One of the most important things to know when landscaping is where your septic system is. It helps you know what to avoid when landscaping or doing other projects. If you don’t know where your system is, you can find out using OnlineRME. Don’t see them there? Your system might be too old or installed before records were required. If this is the case, you can hire a septic professional to help figure out where your system is.


Grass is the #1 choice! Why? Because it provides year-round coverage, has shallow roots, and allows oxygen and water to move easily through the soil. If you choose plants other than grass over your drainfield, keep these traits in mind:

Shallow Rooted | Roots can clog holes, break pipes, and cause lots of damage. Some systems can be buried as shallow as six inches underground, so it’s important to pick plants that have shallow roots. 

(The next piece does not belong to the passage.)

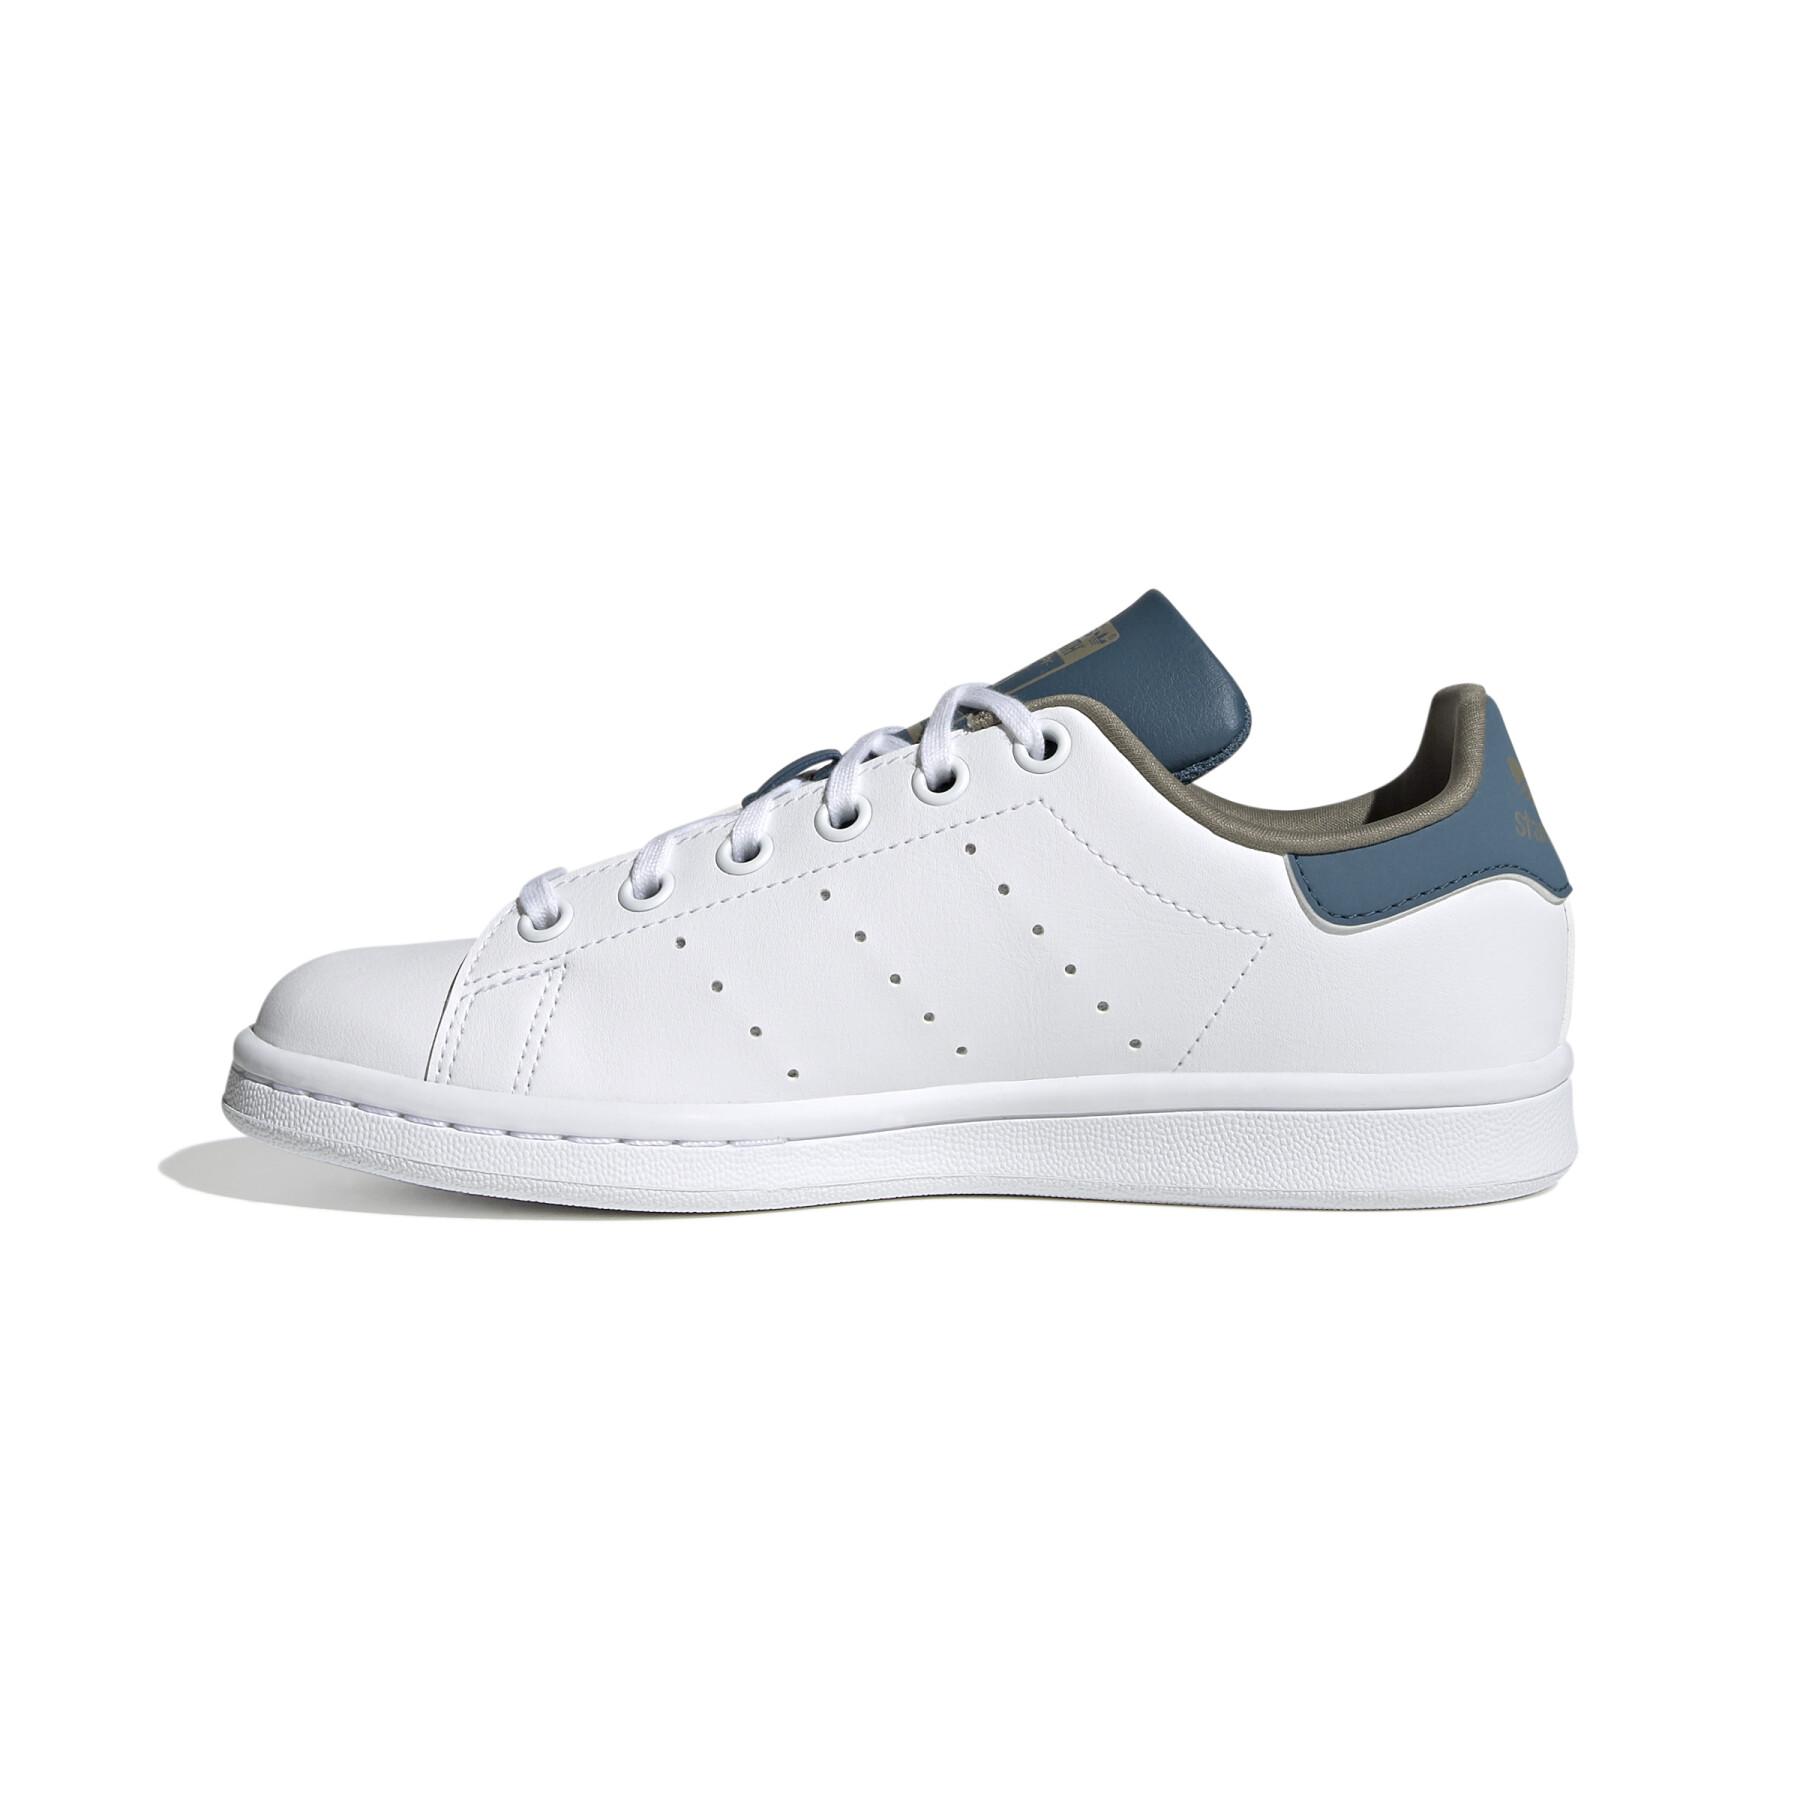 Chaussures enfant Adidas Stan Smith

Year-Round Coverage | Year-round coverage will prevent runoff of the topsoil above your drainfield, and it will keep the microbes in the soil happy by making sure oxygen gets into the ground all year long. 

Drought Resistance | Drought-resistant plants can be good for your drainfield because they need little water. However, some drought-tolerant plants can handle dry spells because of long, wide-spread roots that reach way down where water is present (which would be your drainlines!) and could cause damage. If a plant is drought resistant, make sure it still has shallow roots. 

Native Plants | Native plants are accustomed to our climate and require less maintenance. They’ll need less watering which will save your drainfield the added stress from extra water.

For recommendations on plant types, contact a nursery professional.